■ What you need to do ■
Reproduce the full listing below exactly. Do not include the pictures.

■ Collected data ■
- Opening Delimiter -

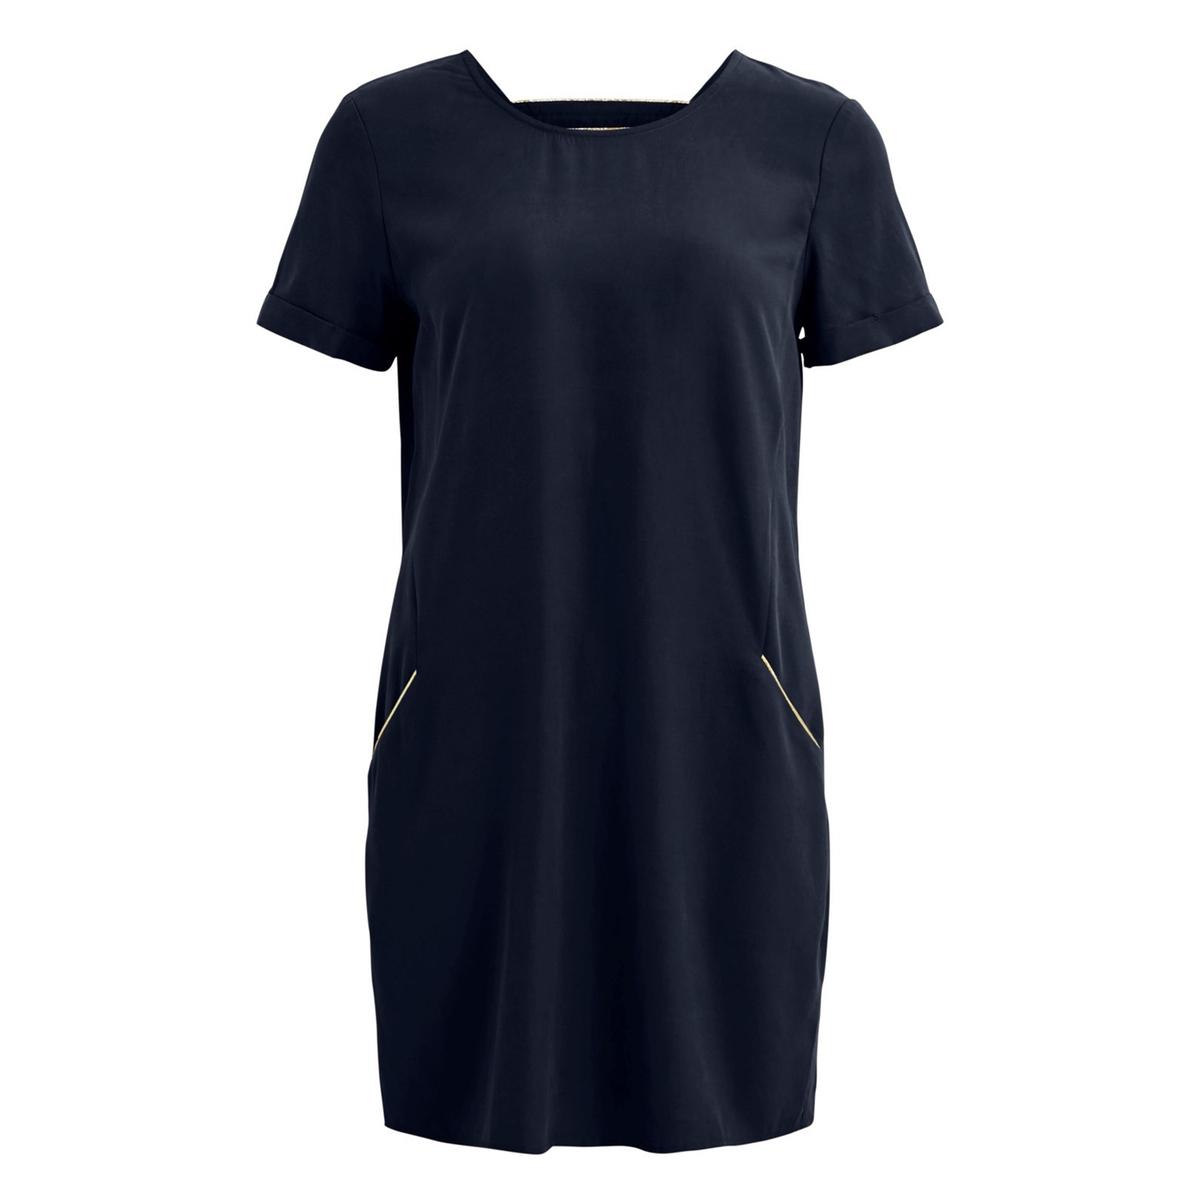 Платье La Redoute С короткими рукавами и открытой спиной 36 (FR) - 42 (RUS) синий бушлат la redoute с рисунком клетка 34 fr 40 rus синий
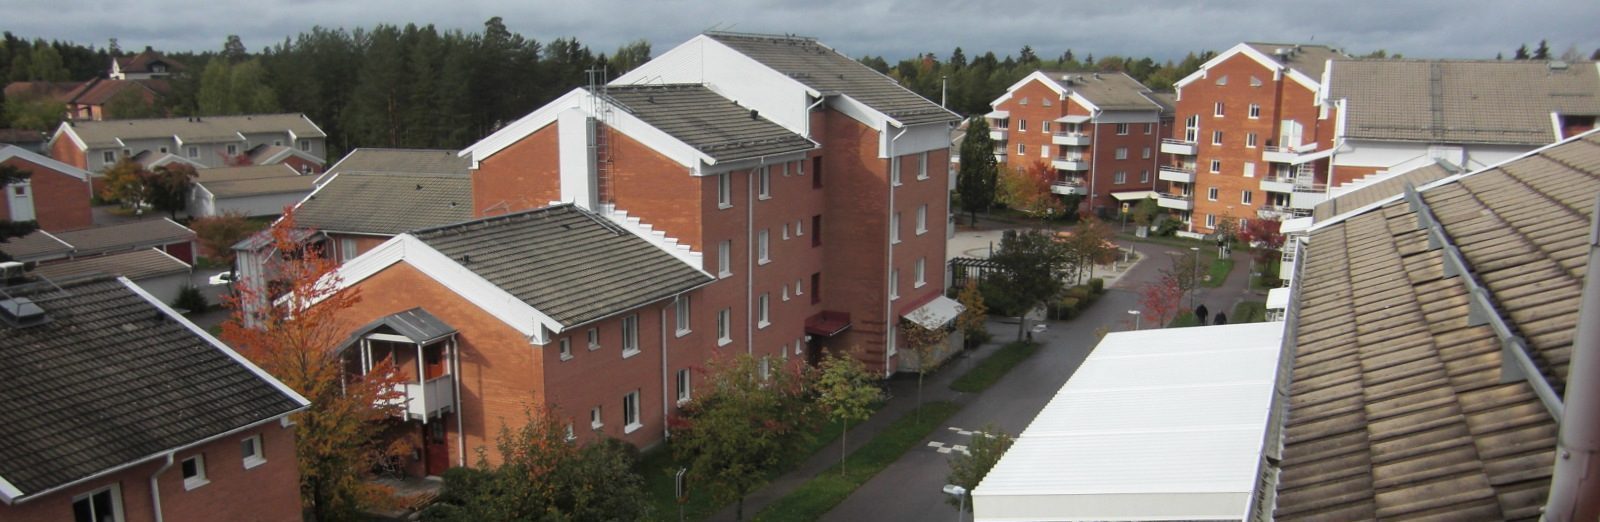 BRF Uppsalahus 30
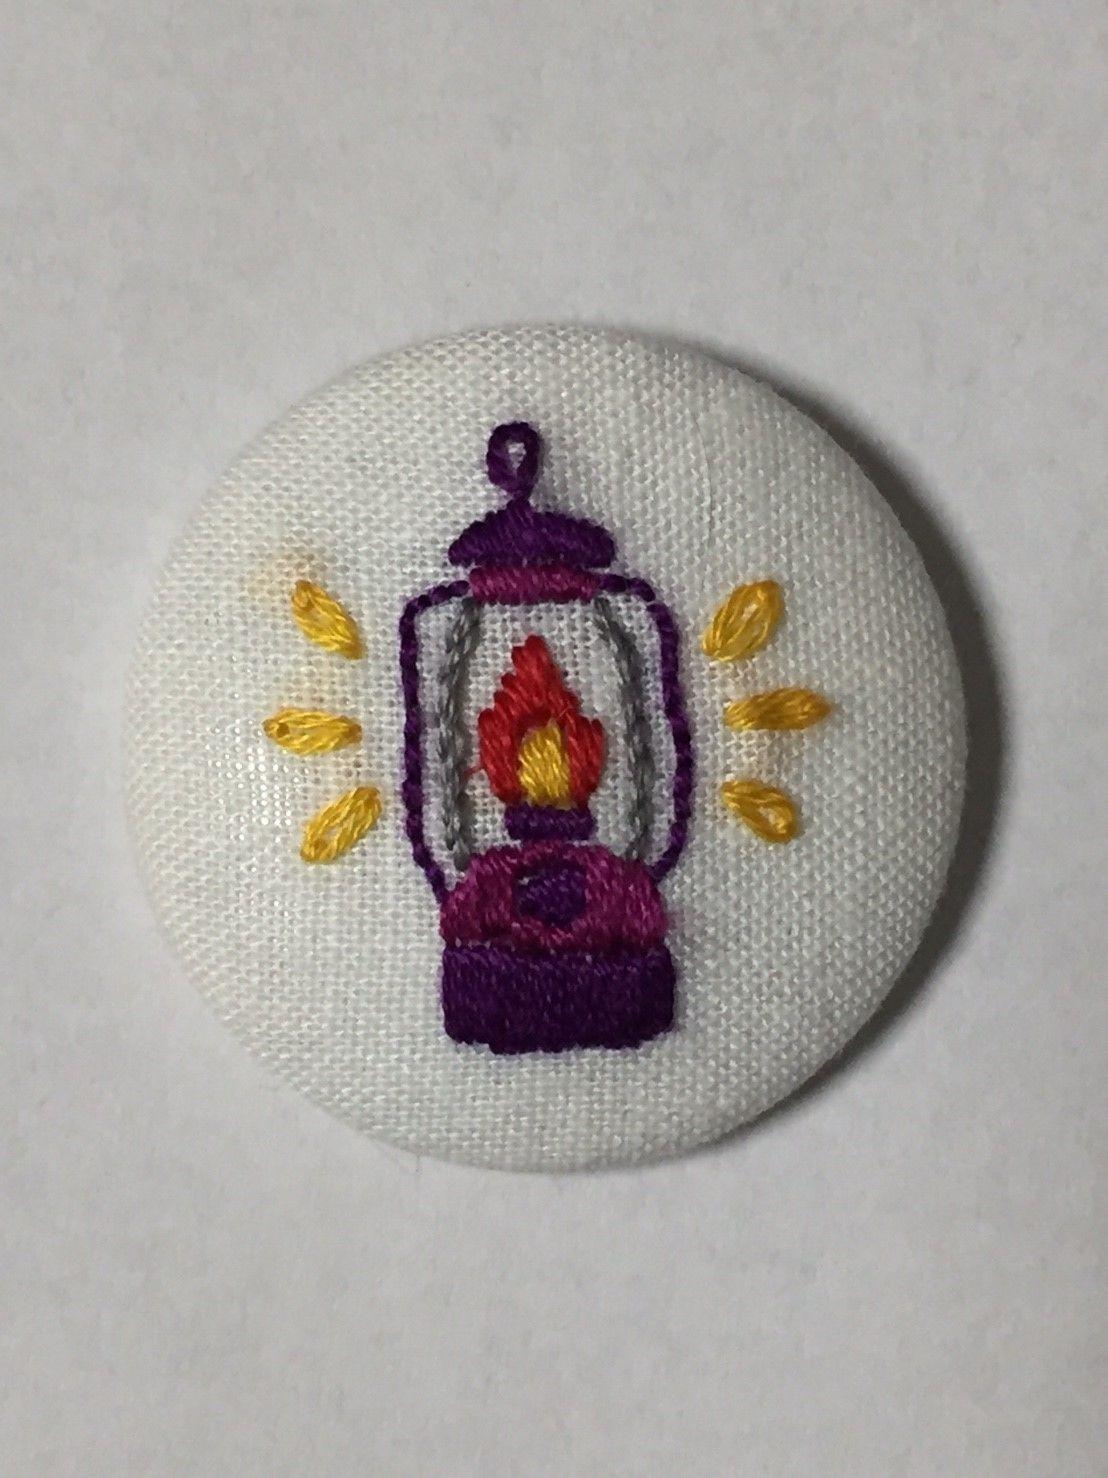 手作り刺繍ランタンのバッジ(パープル)No.014

- Closing Delimiter -

■ Your solution ■
 Платье La Redoute С короткими рукавами и открытой спиной 36 (FR) - 42 (RUS) синий бушлат la redoute с рисунком клетка 34 fr 40 rus синий
 BRF Uppsalahus 30
 手作り刺繍ランタンのバッジ(パープル)No.014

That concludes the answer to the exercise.